Concentration-dependent inhibition of human neutrophil
cathepsin G and human neutrophil elastase activation by Bm-SPN-2.
Recombinant Bm-SPN-2 at different concentrations was mixed with human
neutrophil cathepsin G or human neutrophil elastase before the addition
of specific substrates. Changes in the rate of substrate cleavage were
used to calculate the percentage of inhibition at each Bm-SPN-2
concentration.
|
|
To test whether Bm-SPN-2 inhibits the activity of serine proteinases in
human coagulation pathway, the APTT was measured in the presence of
Bm-SPN-2, but no prolongation of the APTT was observed (data not
shown). This suggests Bm-SPN-2 dose not inhibit the serine proteinases
of the clotting pathway such as factor X and Hageman factor.
Serine proteinases are involved in processing and presentation of 2 epitopes of the S pyogenes M5 protein to CD4+ T
lymphocytes.32 To investigate whether Bm-SPN-2 inhibits
this antigen-processing pathway, the ability of macrophages to present these epitopes from S pyogenes to T cells was measured in the presence of Bm-SPN-2. No change in stimulation was observed (Delvig et
al, unpublished observation). This suggests that Bm-SPN-2
does not inhibit the activity of serine proteinases involved in antigen processing within macrophages.
| |
DISCUSSION |
The wide distribution of serpins and their ability to regulate a
variety of divergent proteinases show that they play a major regulatory
role in a host of biological processes. We describe here the isolation,
characterization, expression, and inhibitory function of a new serpin
gene, Bm-spn-2, from the human lymphatic filarial nematode
B malayi. The Bm-spn-2 gene, which appears to be a
single copy in the genome and consists of 7 exons, was found to have Mf
stage-specific expression. The 2 serpins that have been found in B
malayi, Bm-spn-1 and Bm-spn-2, are quite different. They share low homology and are not closely related, as shown by
phylogenetic analysis. Bm-spn-1 is expressed in most life
stages and its mRNA contains the 22 nt nematode 5' SL, whereas
Bm-spn-2 is expressed only in the Mf stage and its mRNA does
not contain SL. At present, the gene structure of Bm-spn-1 is
not available. It will be of interest to compare the gene structure,
chromosome position, and physiological roles of these two serpins.

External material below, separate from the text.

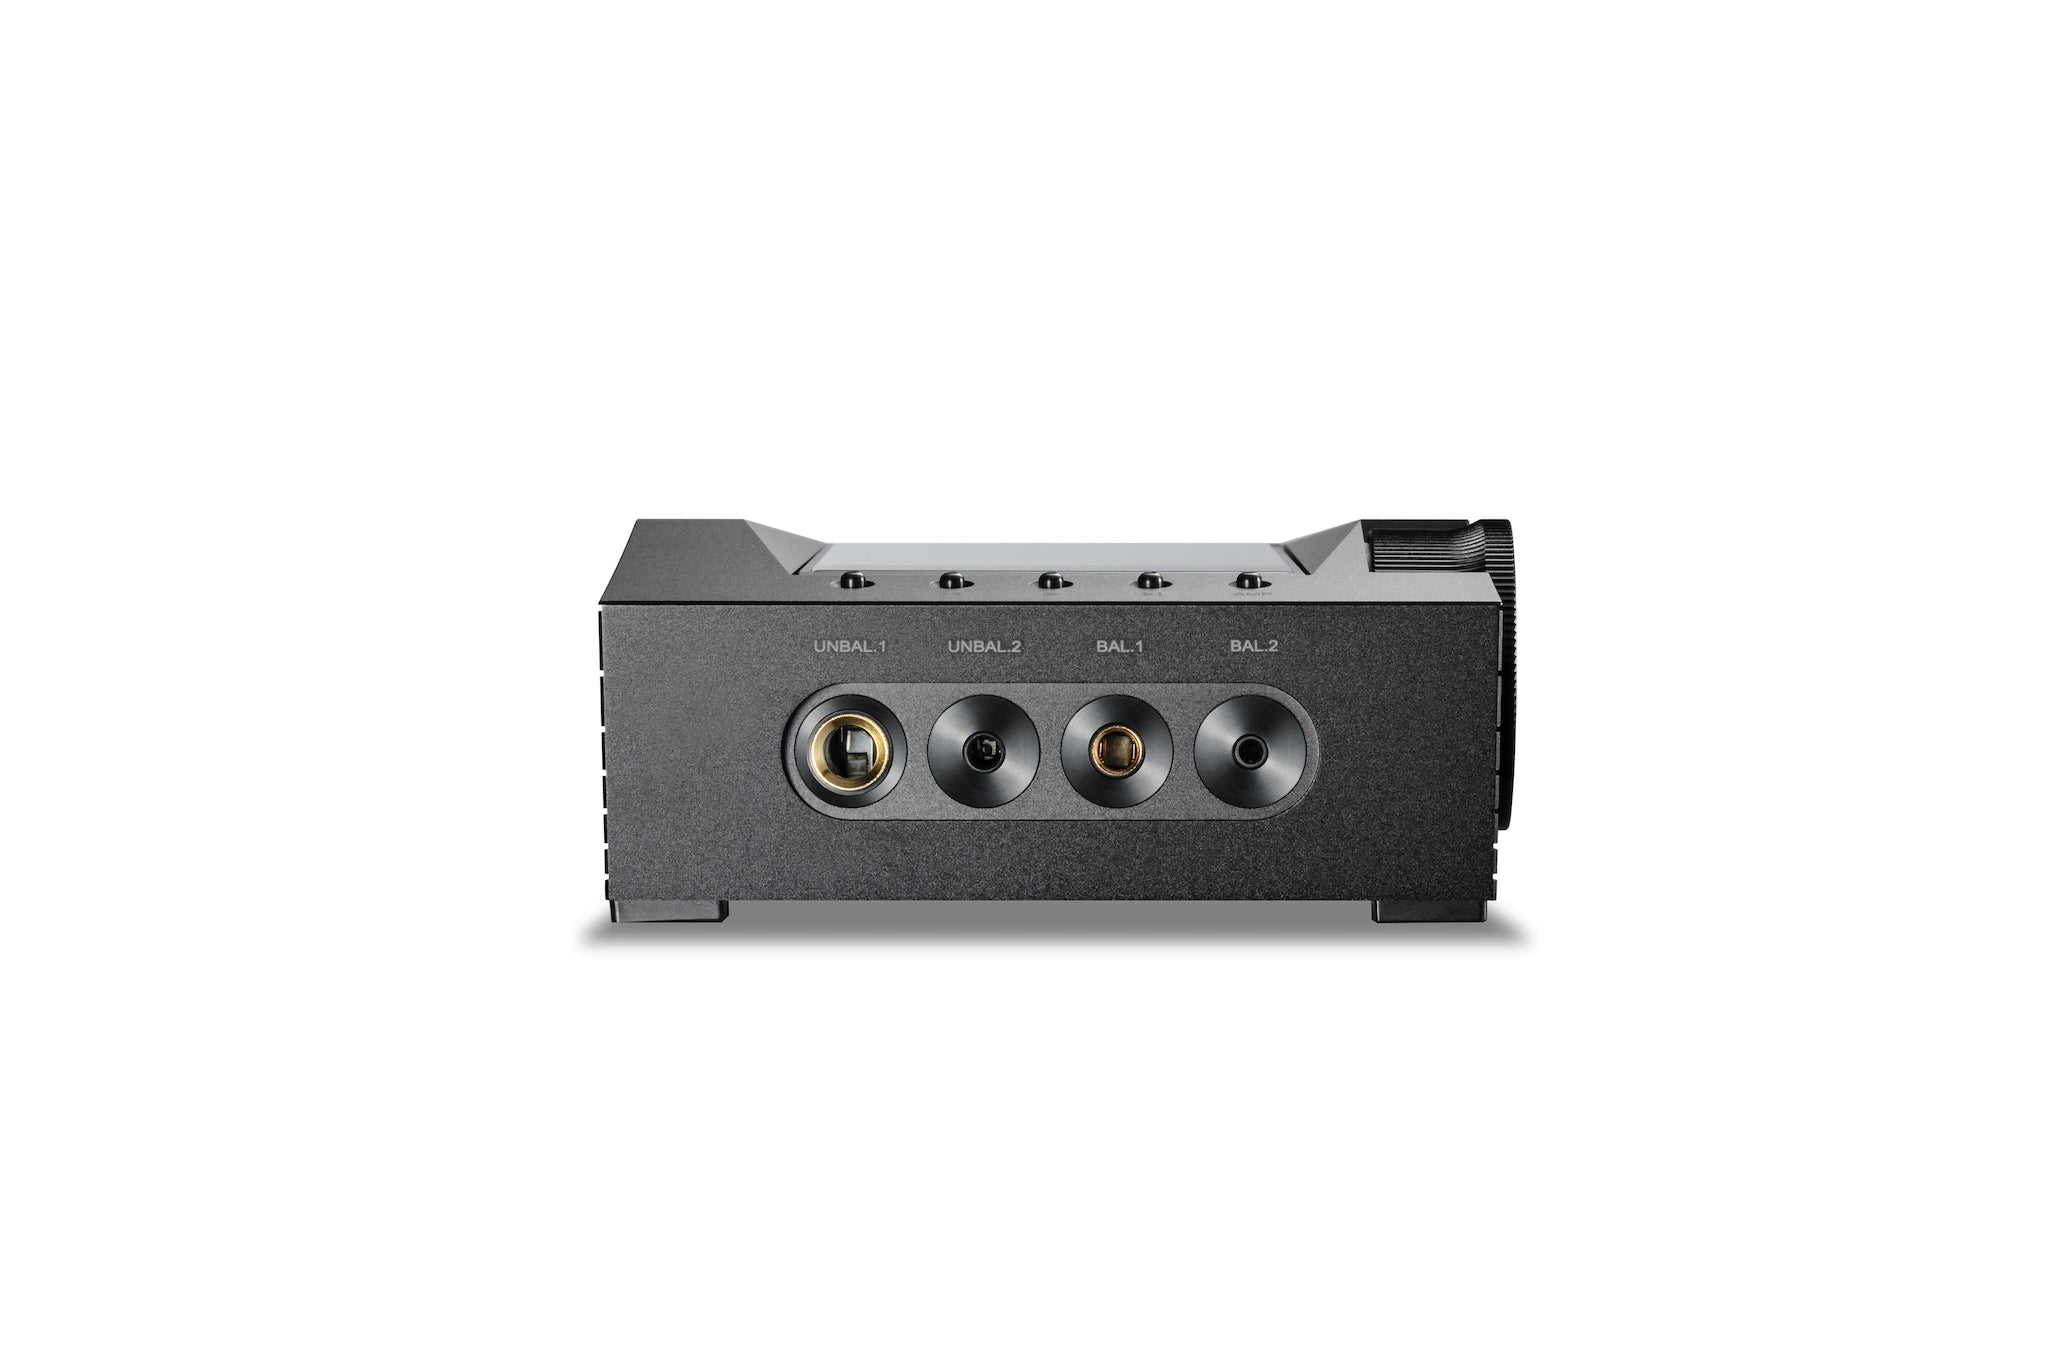 Astellu0026Kern Acro CA1000T | Transportable Digital Audio Player
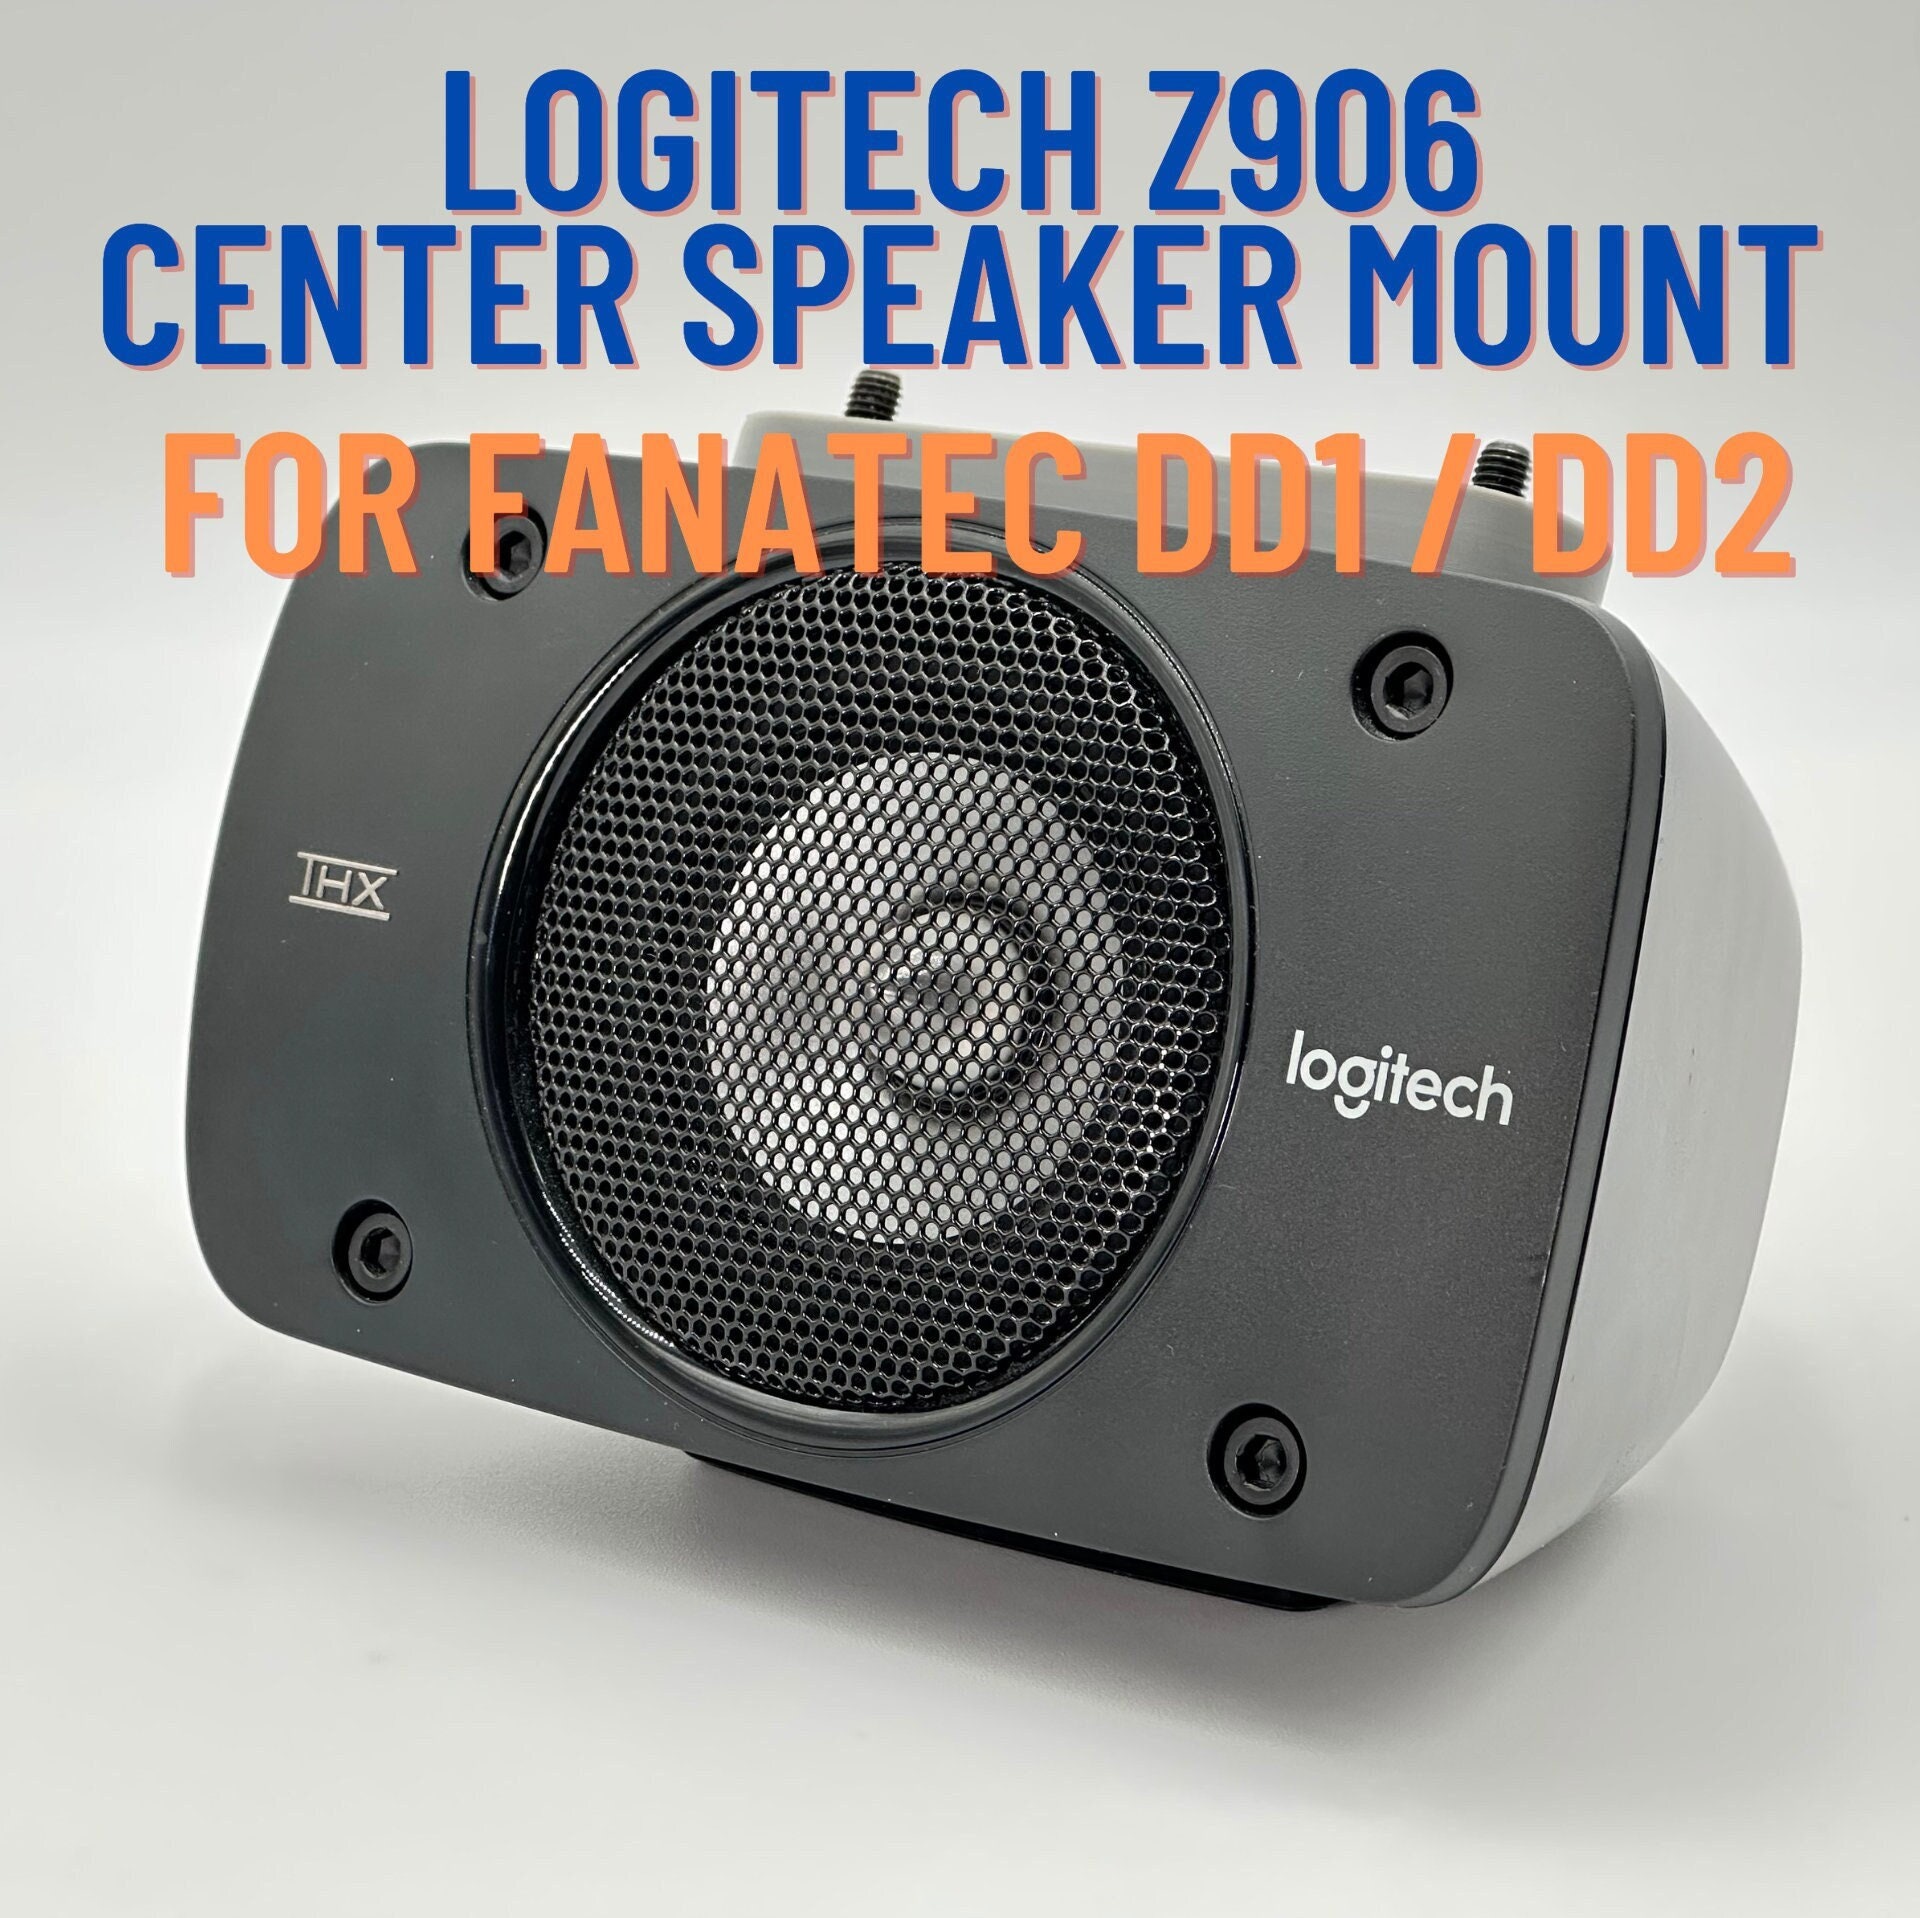 Logitech Z906 Center Speaker Fanatec DD1/2 CSL DD

We analyzed 13 B malayi genes for which complete sequence is
available and found that Bm-spn-2 was typical of this set.
B malayi genes have relatively large introns compared with the
nematode model C elegans33 and, like C
elegans, the introns are markedly AT-rich. This is a property
shared with introns of other invertebrates and plants34,43
that is possibly related to effective recognition and splicing of
introns.43 It is interesting to note that B malayi
introns have an extended and conserved 3' splice site in which T
at 5 position is very highly conserved, a feature noted previously only in C elegans.33 In
contrast, introns from most other organisms have only a combination of
an upstream polypyrimidine tract and a YAG consensus at their 3'
boundaries. This suggests that the 3' intron boundary may be a
more important element in B malayi intron recognition than in
most other organisms. Unusually, the exon sequences in these 13 B
malayi genes are also AT-rich, much more so than C elegans
exons, and no explanation is yet available for this finding.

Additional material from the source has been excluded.